To ascertain statistical significance with the first intervention slope, we call the function's `multipleITScontrol::slope_difference()`.

```{r, echo = TRUE, results='hide'}
slope_difference(model = my_summary_its_model, intervention = 1)
```

```{r, echo = FALSE}
slope_difference(model = my_summary_its_model, intervention = 1)

```

This brings up the key coefficients and values needed to compare the slopes of the pilot and control during the first intervention.

We identify that the slope difference between the treatment (Albridge Medical Practice) and the control (Hollybush Medical Practice) for the first intervention (Reading Programme) has a slope difference of 0.34 (95% CI: 0.32 - 0.36) per x-axis unit, with a p-value of <0.001, indicating statistical significance.

<!-- Whilst the value of the slope difference is close to the coefficient ***F*** (Pilot intervention 2) in our regression coefficients table, we must still calculate this with the above calculations which `slope_difference()` provides, as the similarity is only due to the slopes of the control and pilot being zero for the pre-intervention period and the control having close to a zero slope for the first intervention. -->

## **Second intervention:**

***I) Control intervention 2 slope*** describes the slope change that occurs at the intervention break point in the control group at the start of the second intervention (`r i`).

Thus, the modelled slope change in the second intervention is ***C) Control pre-intervention slope*** (`r c`) + **E) Control intervention 1 slope** (`r e`) + ***I) Control intervention 2 slope*** (`r i`) = `r c+e+i` is the average cumulative uptake increase for each x-axis unit during the second intervention for the control data.

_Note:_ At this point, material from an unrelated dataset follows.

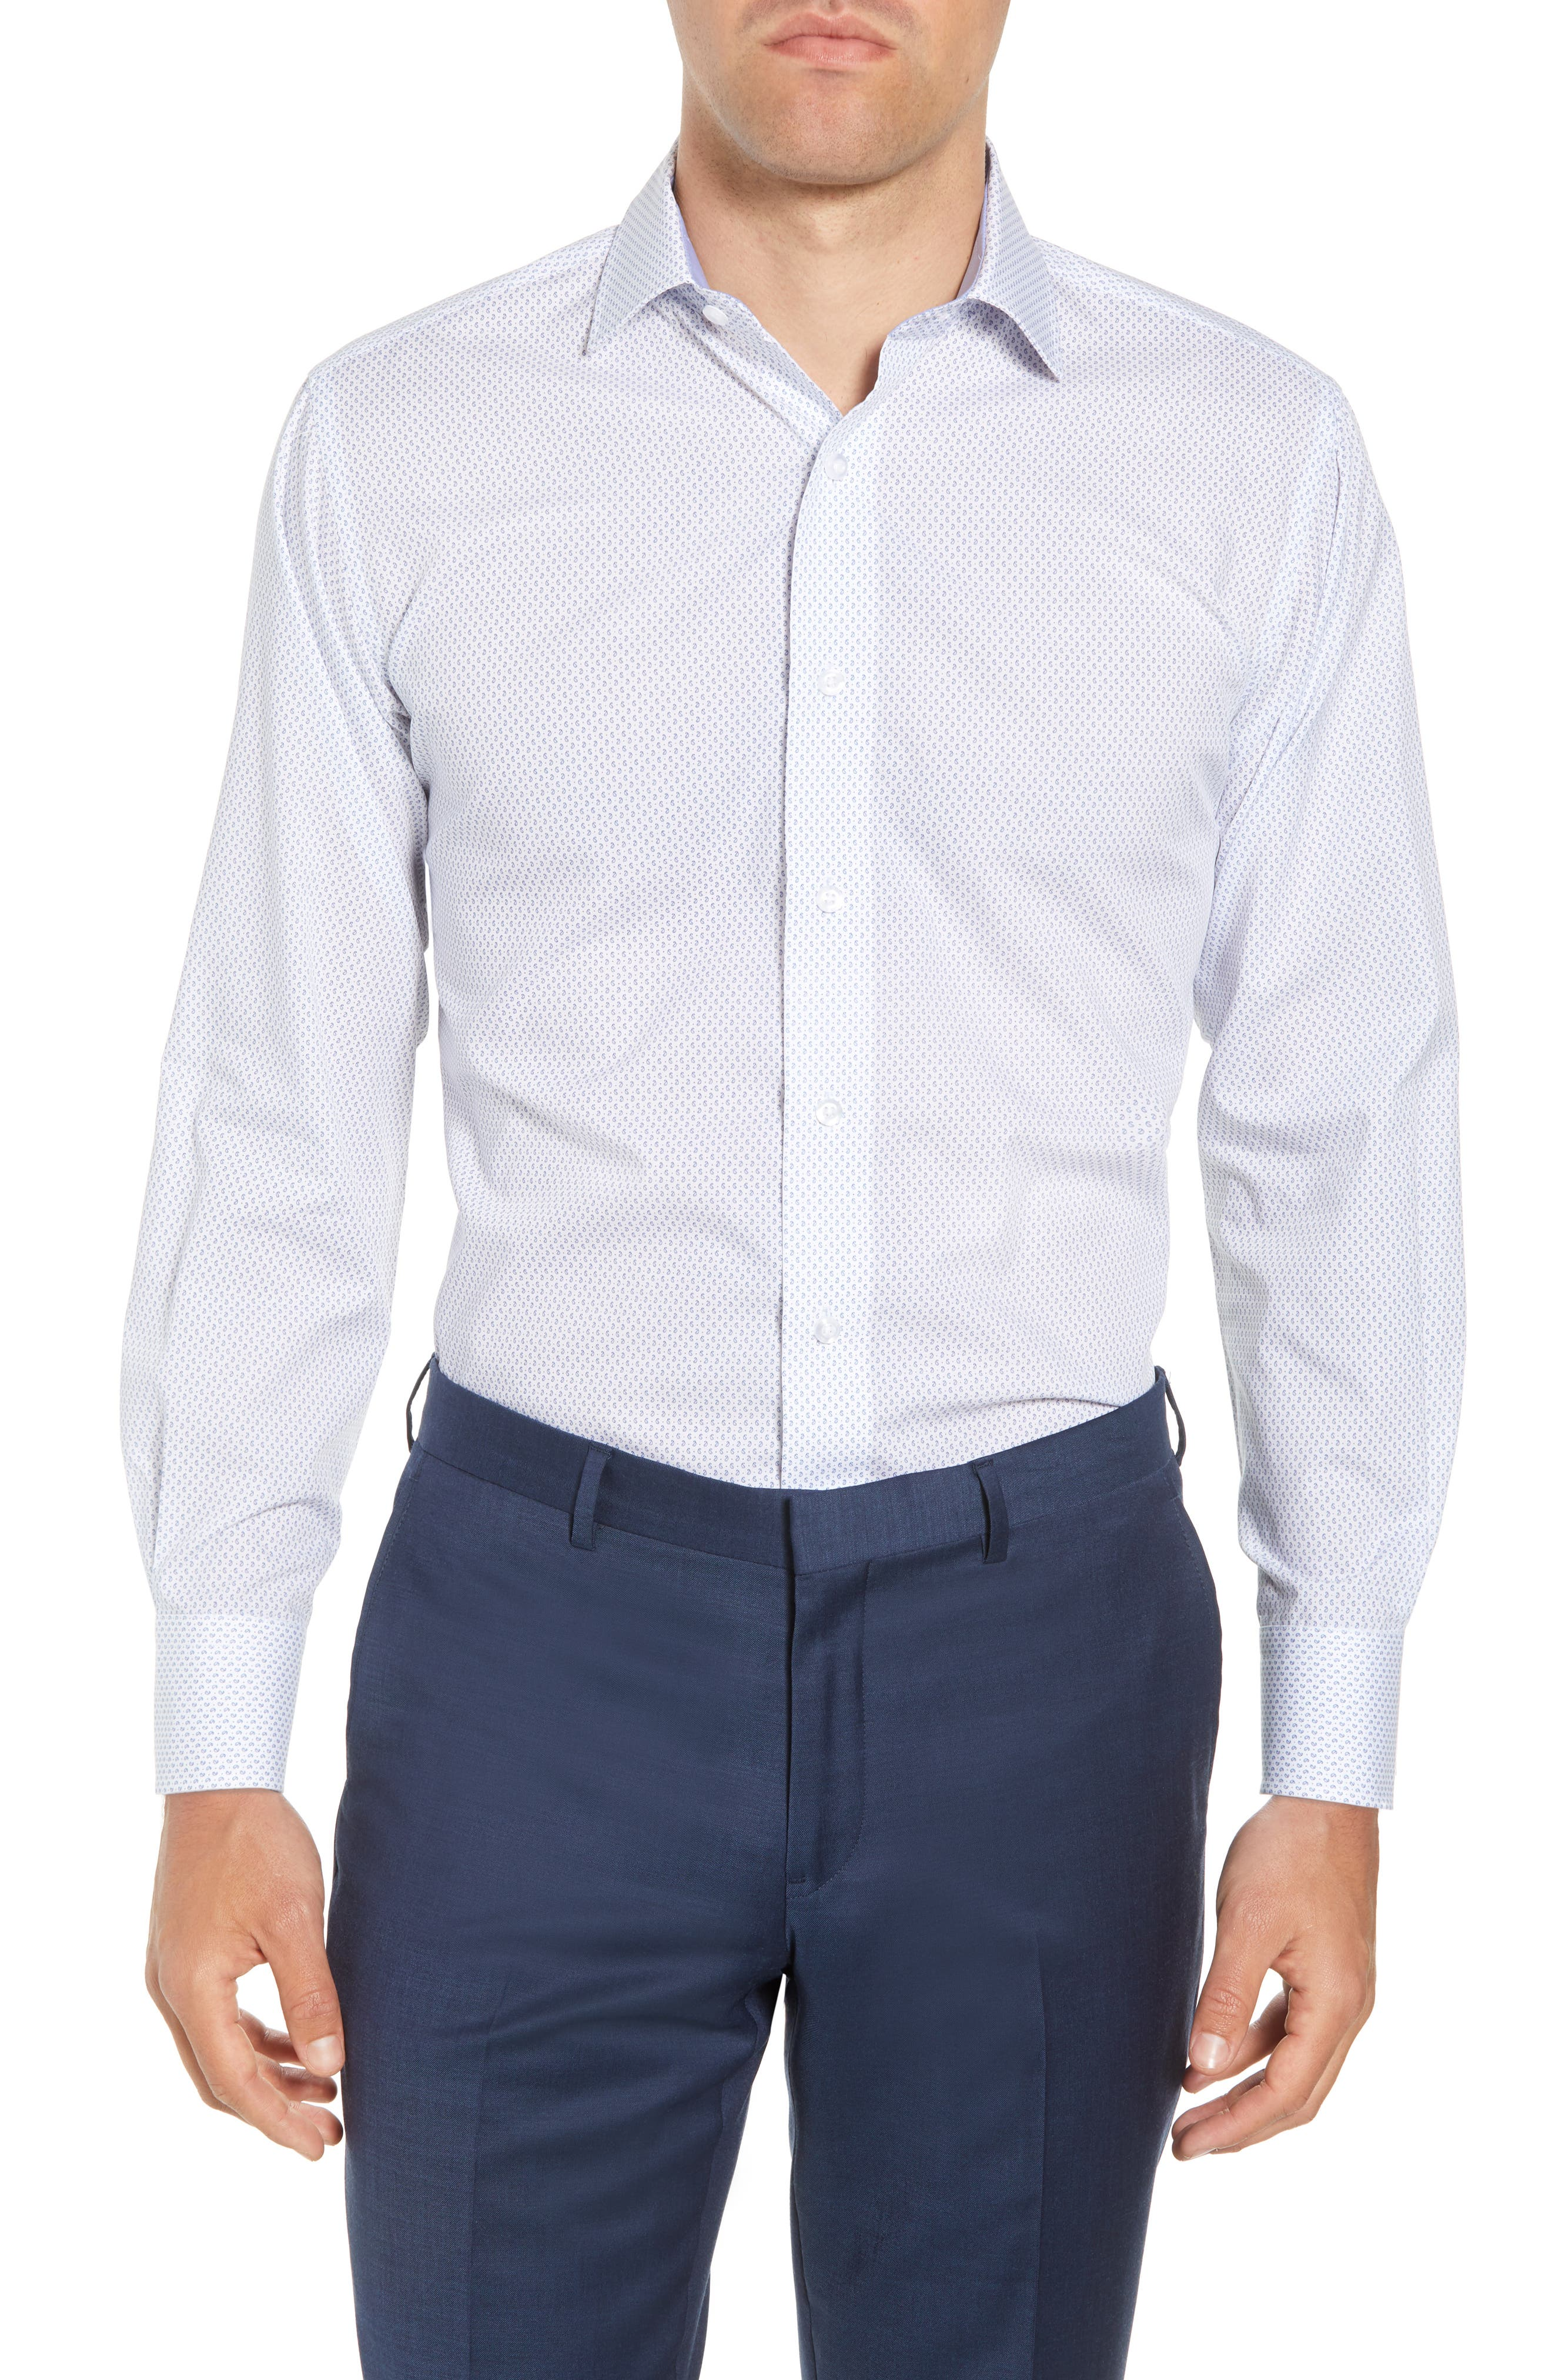 LORENZO UOMO,                             Trim Fit Paisley Dress Shirt,                             Main thumbnail 1, color,                             400

***J) Pilot intervention 2 slope*** describes the difference in the slope change that occurs at the intervention timepoint in the pilot group for the second intervention. (`r j`).

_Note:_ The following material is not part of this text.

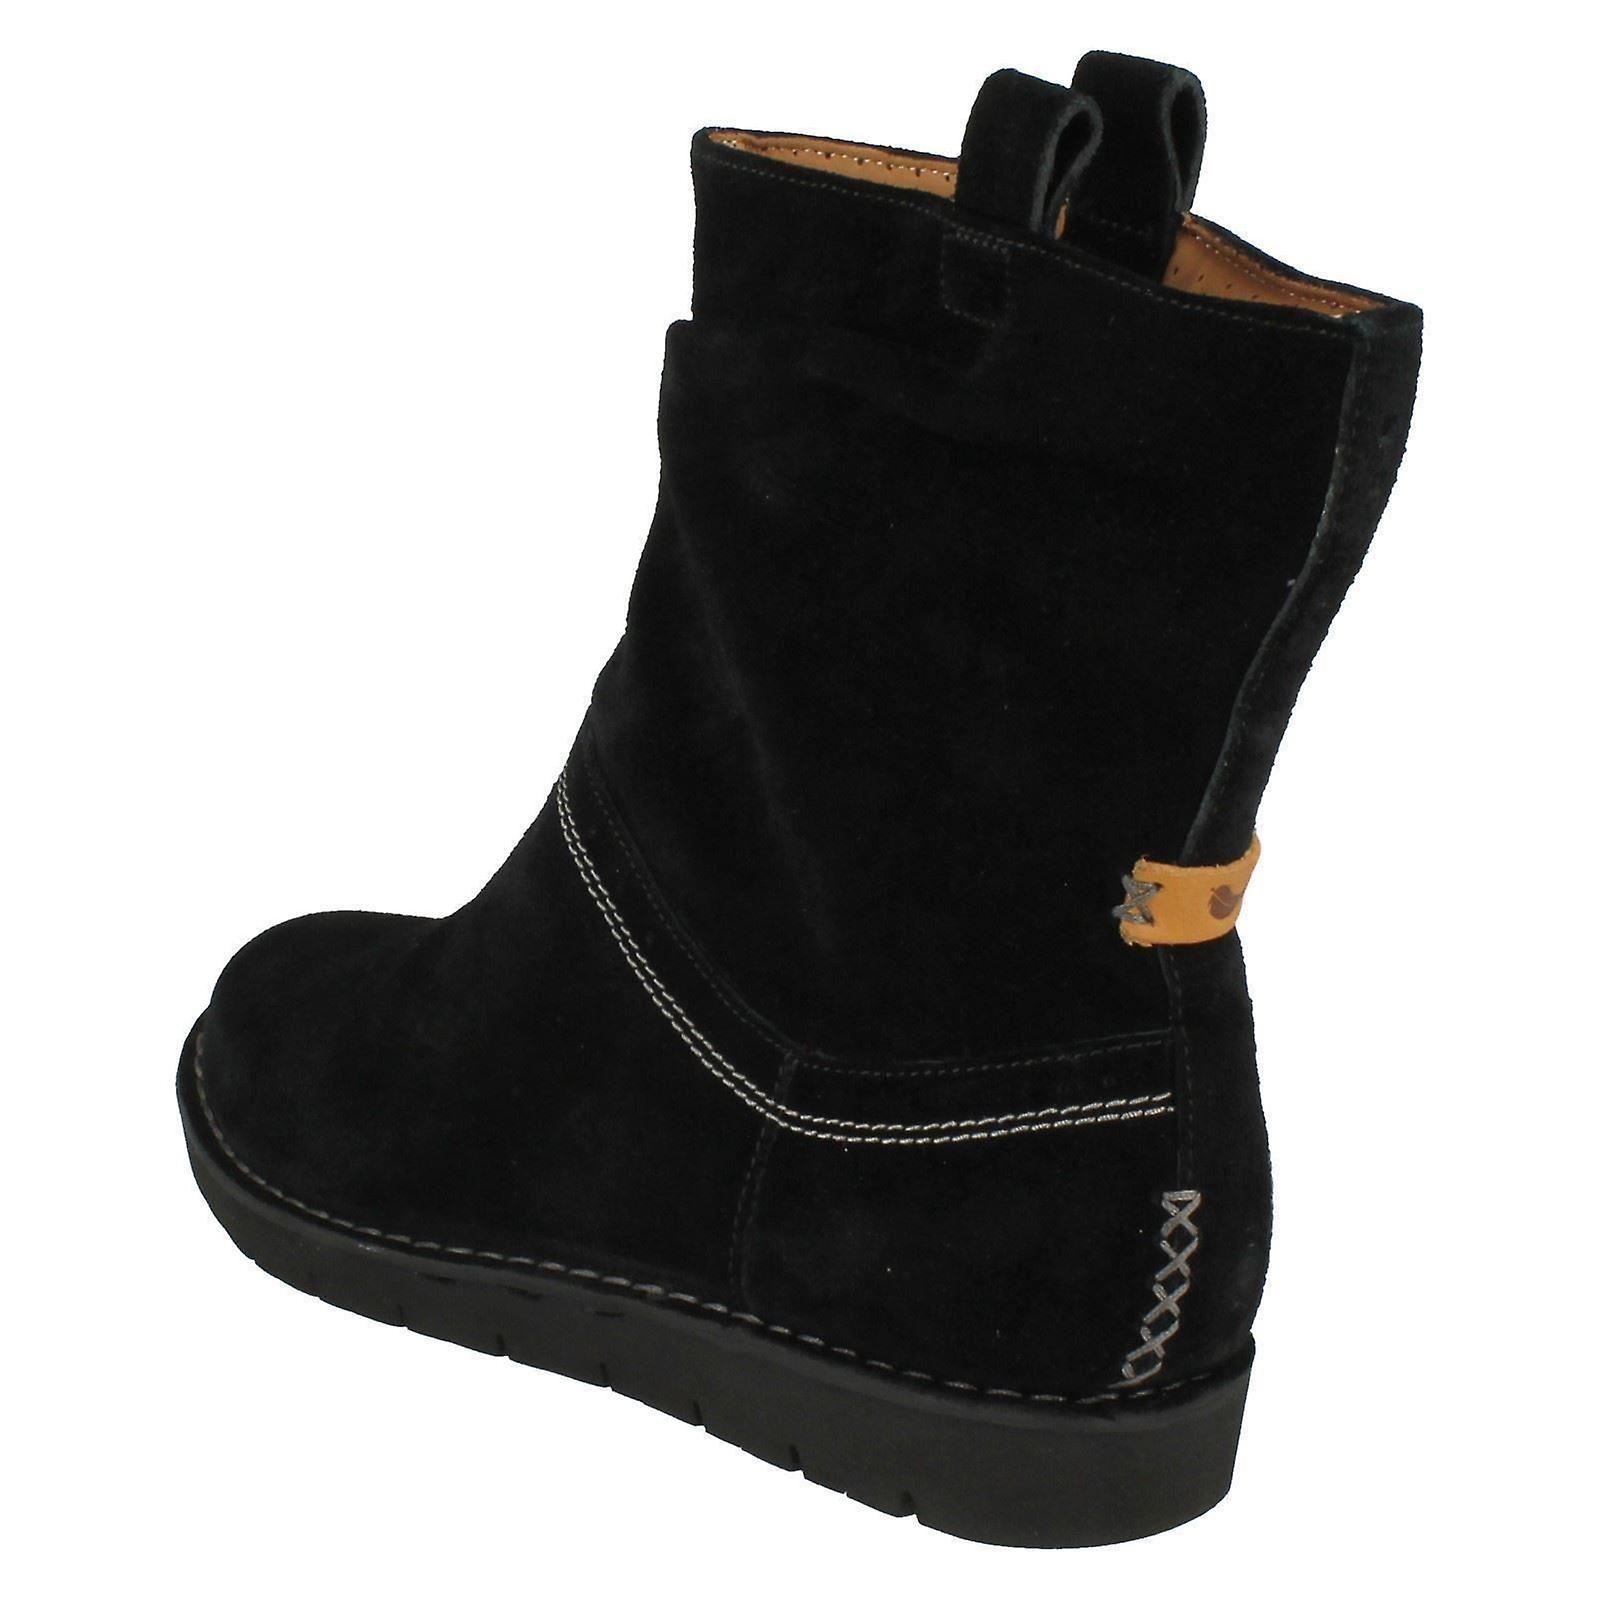 1a94263abbd21 Ladies Clarks Un Structured Slouch Short Boots Un Ashburn | Fruugo

These slope changes are pertinent to the slope gradients given in the pre-intervention and first intervention period. Thus, we add the coefficients ***C*** (`r c`) + ***D*** (`r d`) + ***E*** (`r e`) + ***F*** (`r f`) + ***I*** (`r i`) + ***J*** (`r j`) = `r c+d+e+f+i+j` is the average cumulative increase for each x-axis unit during the second intervention for the pilot data.

To ascertain statistical significance with the second intervention slope, we call the function's `multipleITScontrol::slope_difference()` again, but change the intervention parameter.

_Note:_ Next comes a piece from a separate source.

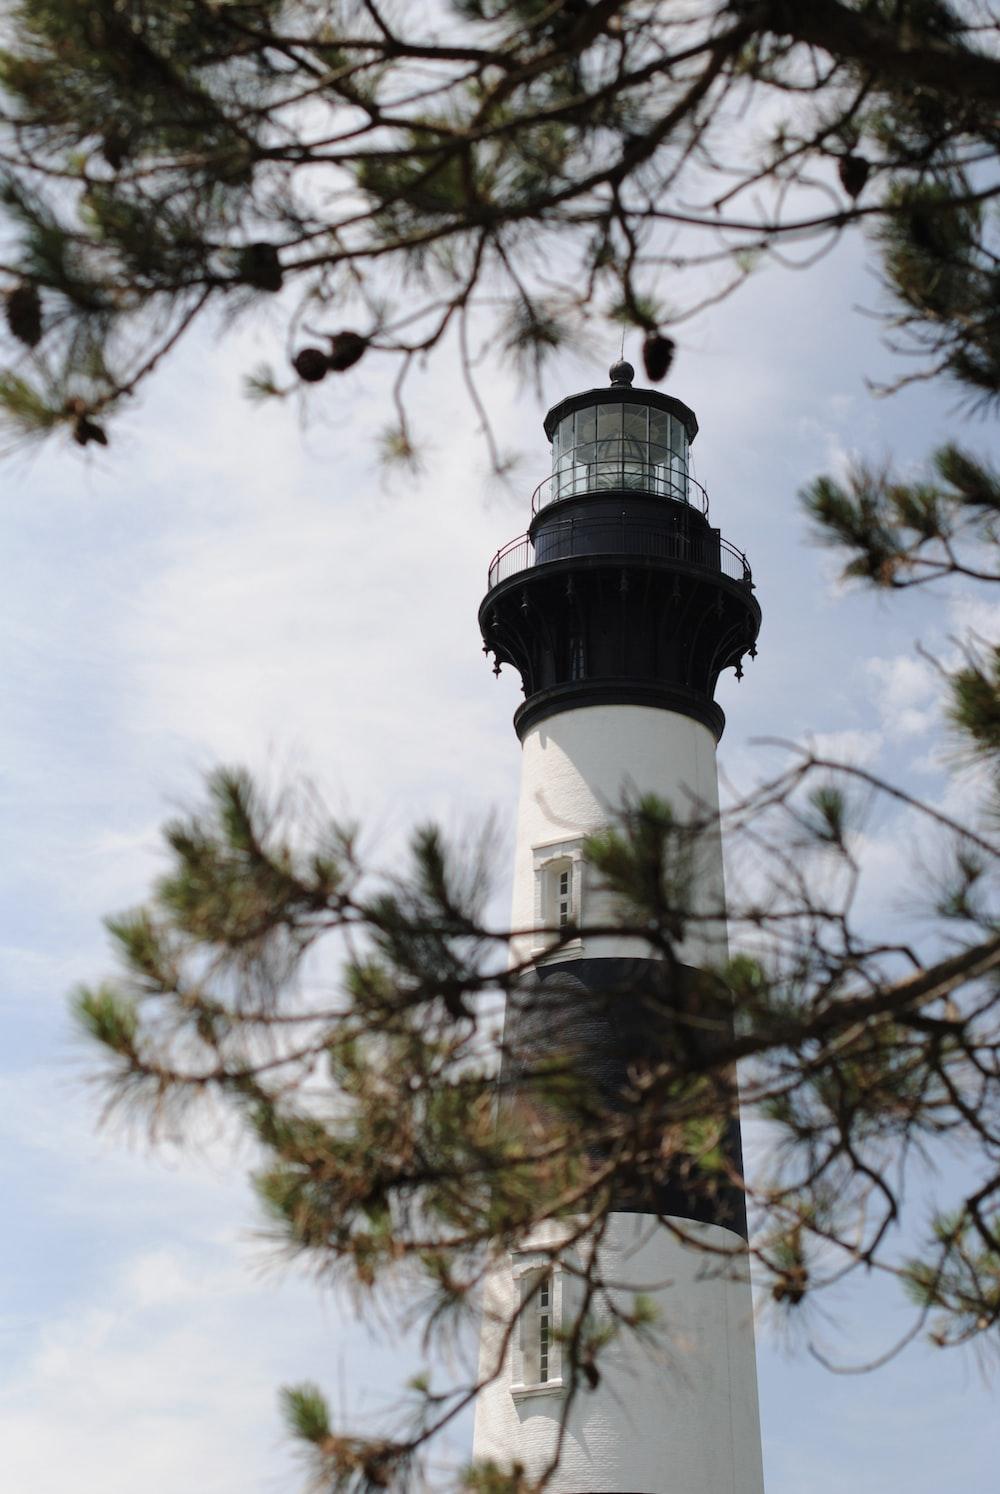 white and black lighthouse under blue sky during daytime

```{r, echo = TRUE, results= 'hide'}
slope_difference(model = my_summary_its_model, intervention = 2)
```

```{r, echo = FALSE}
slope_difference(model = my_summary_its_model, intervention = 2)

```

We identify that the slope difference between the treatment (Albridge Medical Practice) and the control (Hollybush Medical Practice) for the second intervention (Reading Programme) has a slope difference of 0 (95% CI: -0.01 - 0.01) per x-axis unit, with a p-value of 0.636, indicating a non statistically significant result. The effect has been attenuated compared to the first intervention, and this is evident from the plot in step 6.

# Step 5) Fitting Predictions

We can fit predictions with the created model which project the pre-intervention period into the post-intervention period by using the model coefficients using `multipleITScontrol::generate_predictions()`.

```{r, echo = TRUE, results='hide'}
transformed_data_with_predictions <- generate_predictions(transformed_data, fitted_ITS_model)

transformed_data_with_predictions
```

```{r}
DT::datatable(transformed_data_with_predictions, options = list(dom = 'tip', scrollX = TRUE), rownames = FALSE)
```

## Step 6) Plotting the results

We can use the predicted values and map the segmented regression lines which compare whether an intervention had a statistically significant difference.

```{r, echo = TRUE, fig.align="center", fig.width=7, fig.height=7, fig.retina=3}
its_plot(model = my_summary_its_model,
         data_with_predictions = transformed_data_with_predictions, 
         time_var = "time",
         intervention_dates = intervention_dates, 
         y_axis = "Self-reported Wellbeing Score")
```

In this example, the treatment variable is for *Albridge Medical Practice*, whilst the control is for *Hollybush Medical Practice*. The treatment slope shows there was a significant slope change immediately after the first intervention in April 2022, but not in the second intervention in June 2022.